While we might have looked like a normal family from the outside, I was indeed in hell. It was a hell that was made entirely from other people’s expectations of me. My girlfriend at the time thought that I should be a certain way. When I showed myself incapable of living up to this ideal, I was passed on to my parents, for whom I should have lived up to pretty much the same ideal. Nowhere in this ideal was there space for uncertainty, for doubt, for introspection or, indeed, for mental illness. It was something that happened to other people, to weak people, to people who couldn’t pull their socks up and get on with things.

Before I flipped, finally, into serious illness, my mum told me to think of my granddad, who had gone ashore on D-Day. He wouldn’t have surrendered to weakness and nor should I. The only thing that saved me, that saved my life, was my ex-mother in law, someone from whom I had no right to expect anything, intervening in my care. Without her, I planned to go up to the local train station and, as a train was arriving, throw my neck under one of the rear wheels so that it would sever my head without distressing the driver. Such was my thinking.

Yesterday, I got talking to a woman who had worked for Women’s Aid. She had been married to a controlling, abusive husband and, after a false start, had left him when she became pregnant. I can’t possibly hope to understand what level of bravery this must have taken, but the reward was that her daughter has grown up happy, healthy and with an incredibly strong role model who made all the right choices when life seemed to be running against her. And the one thing that we both talked about was how we made excuses for the people who had hurt us.

I’m not saying that I was abused, at all. But what I do find interesting is that while my parents hurt me, I always try to find excuses for their behaviour. My dad was brutalised by my granddad. My mum’s dad was controlling. They had grown up without an accurate understanding of what parental love was. And so on. I’m now at a point when I can say that I understand these things happened without finding anything within them that excuses how I was treated when I most needed help and support. You don’t treat another human being like that, least of all your own son.

My journey out of hell took a long, long time. I read a lot of books in which the person who had depression seemed to be ill for six months, and then to be pretty much fine. Don’t believe it. If your depression is accentuated by how you live, then it’ll last, in its sharpest and most horrific form for as long as there’s something there which you need to change. This changed happened slowly, with a hundred ways out that I thought were the answer but which turned out to be dead ends and many people who I wanted to offer me a way out, but who were human beings, just like me. If you’re in your own hell, for pity’s sakes, hold on. Just for a minute. And then another minute. And another minute.

At some point in the holding on, stuff changes. And then it changes back, and you’re desperately ill again. But one of the changes sticks. Then, some while later, another one does. It takes months and years to get anywhere you want to be and your life gets better in tiny increments. When you change, and this is the hardest part, the people you had with you at the start of the journey might not understand where you are or what you’ve become.
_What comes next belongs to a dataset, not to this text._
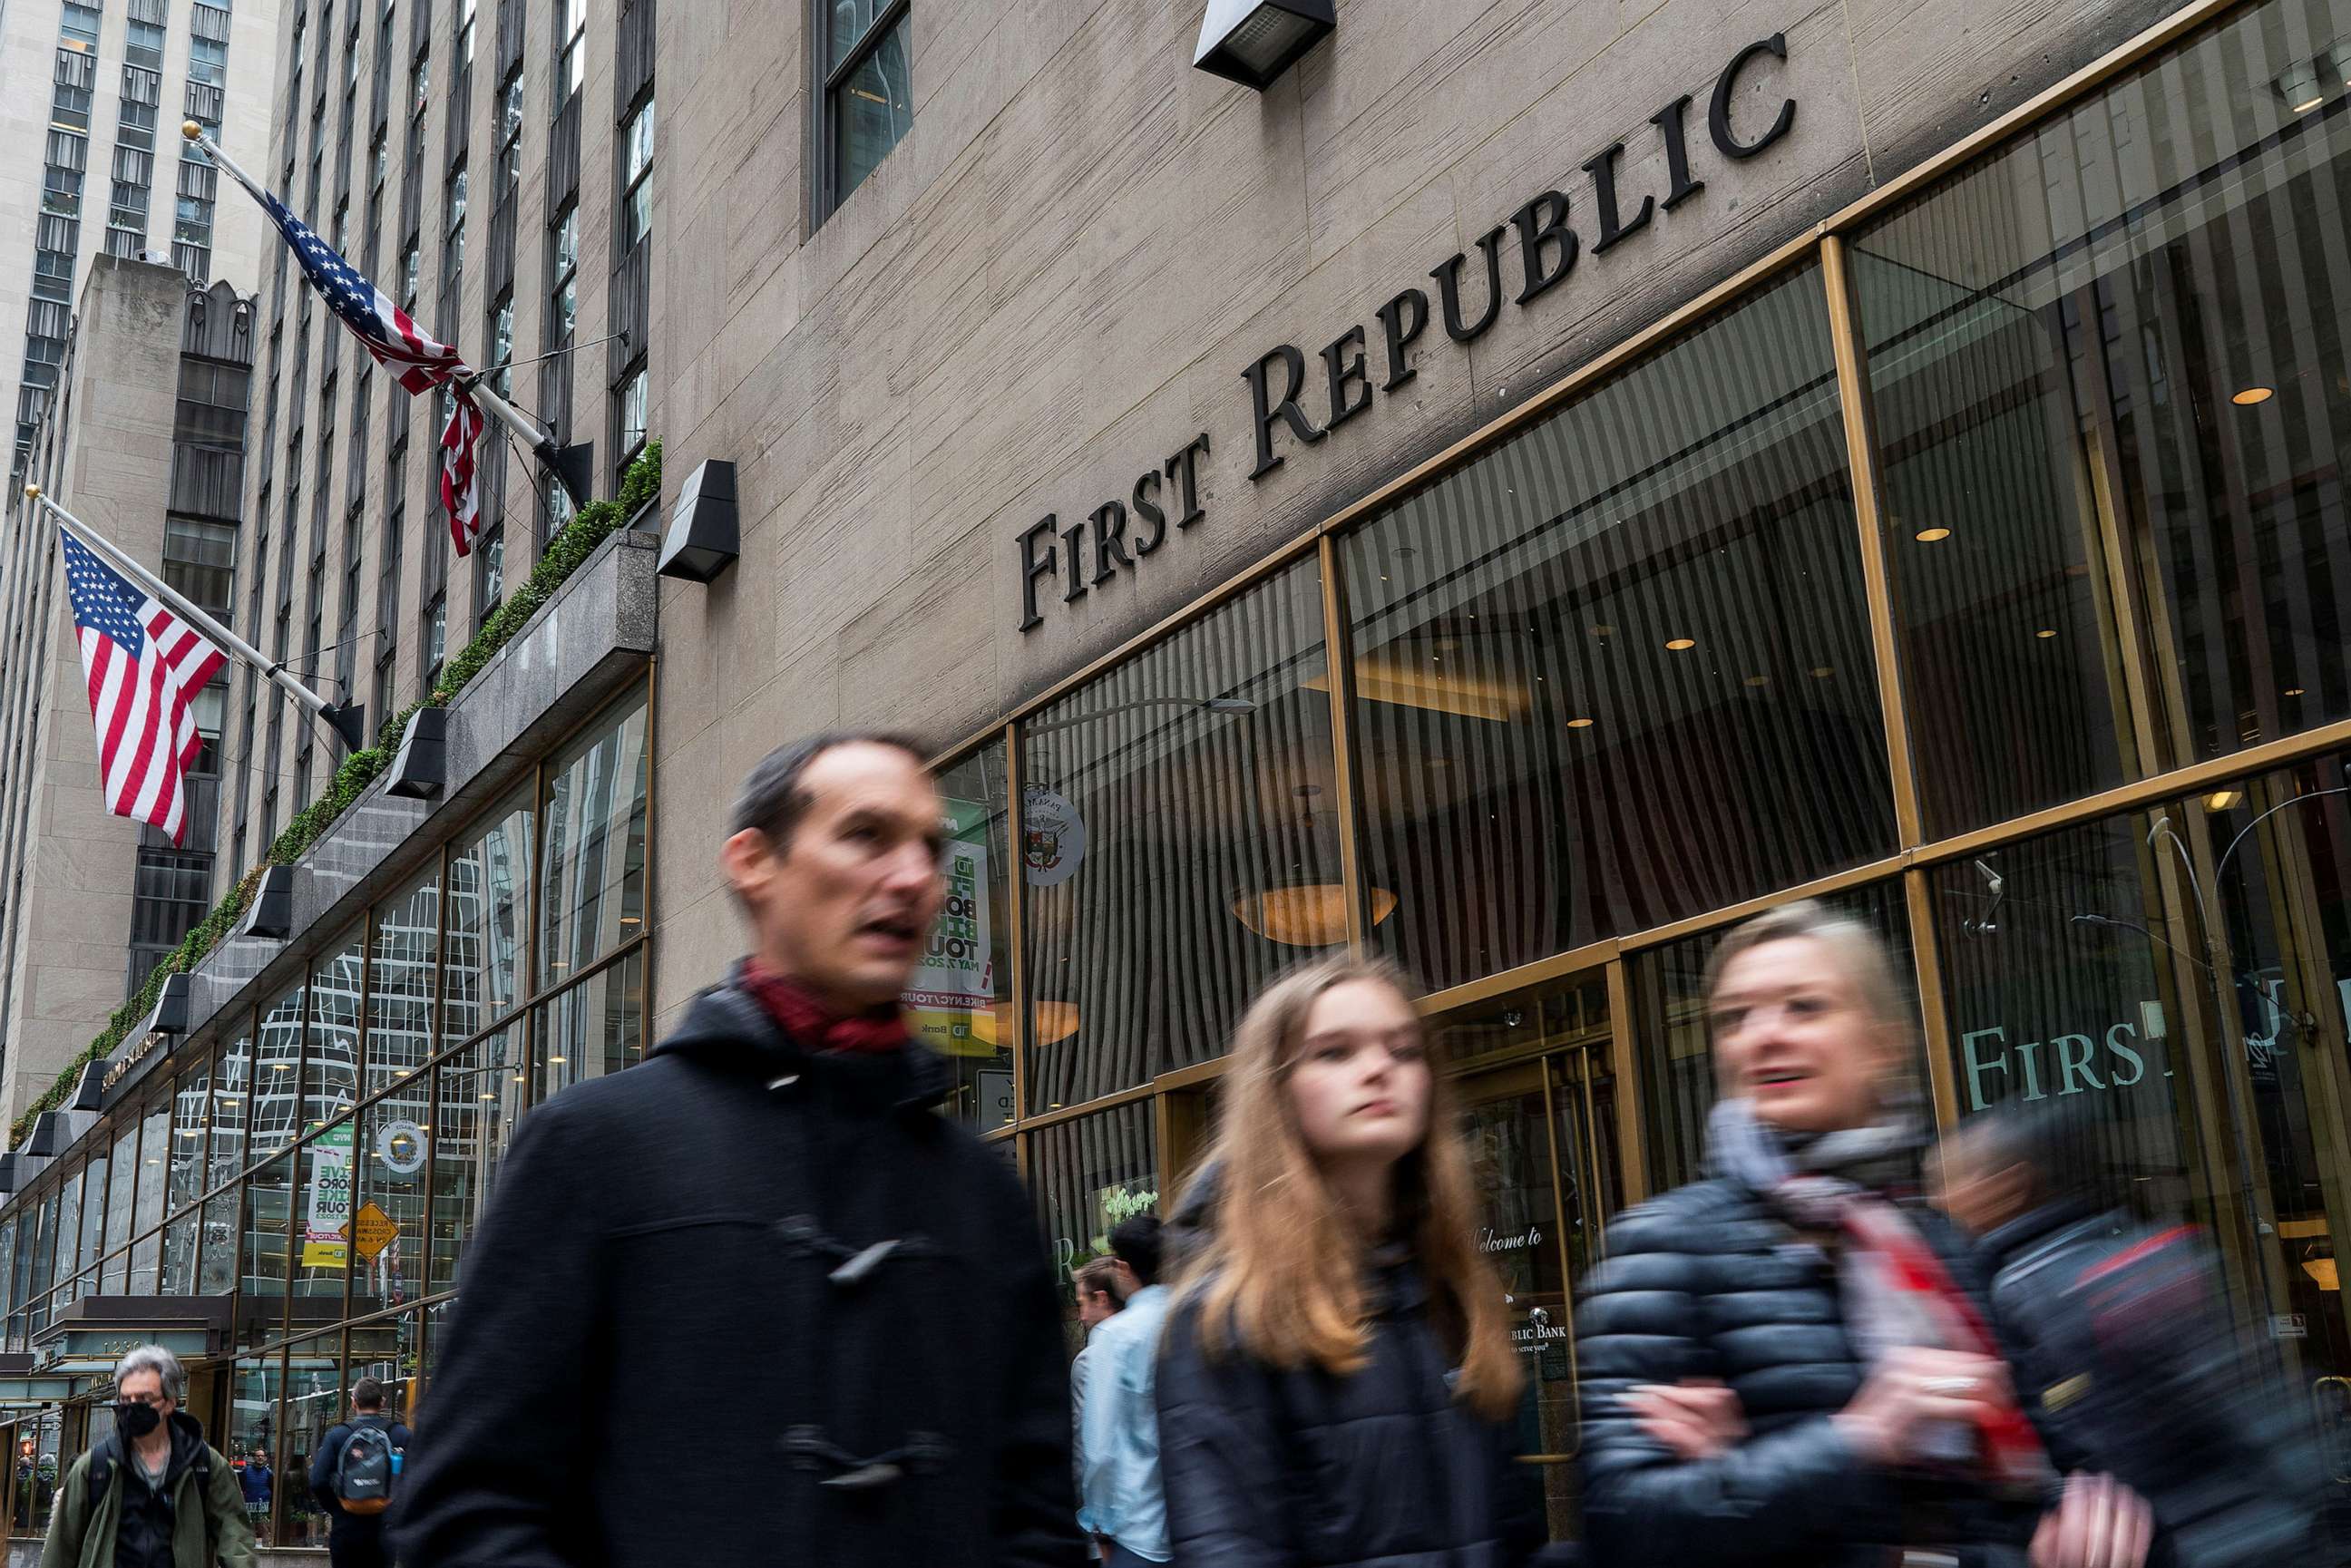 PHOTO: People walk near one of the First Republic Bank branches in New York, April 28, 2023.

There’s nobody closer to me, in a biological sense, than my mum and dad. I’m half of each, if we’re talking about DNA. But for all the rungs of the ladder that led out of my hell, from qualifying as a Street Pastor to becoming a Quaker, have either mystified my parents or met with overt hostility, which hurts, as though any deviation from the person they’d rather I was is to be resisted. I’m still, just, a writer, which is something my mum said I may need to stop doing if I want to get better and I know that there’s no alternative to being the person I am, because I’ve seen what the alternative looks like. This is all we have.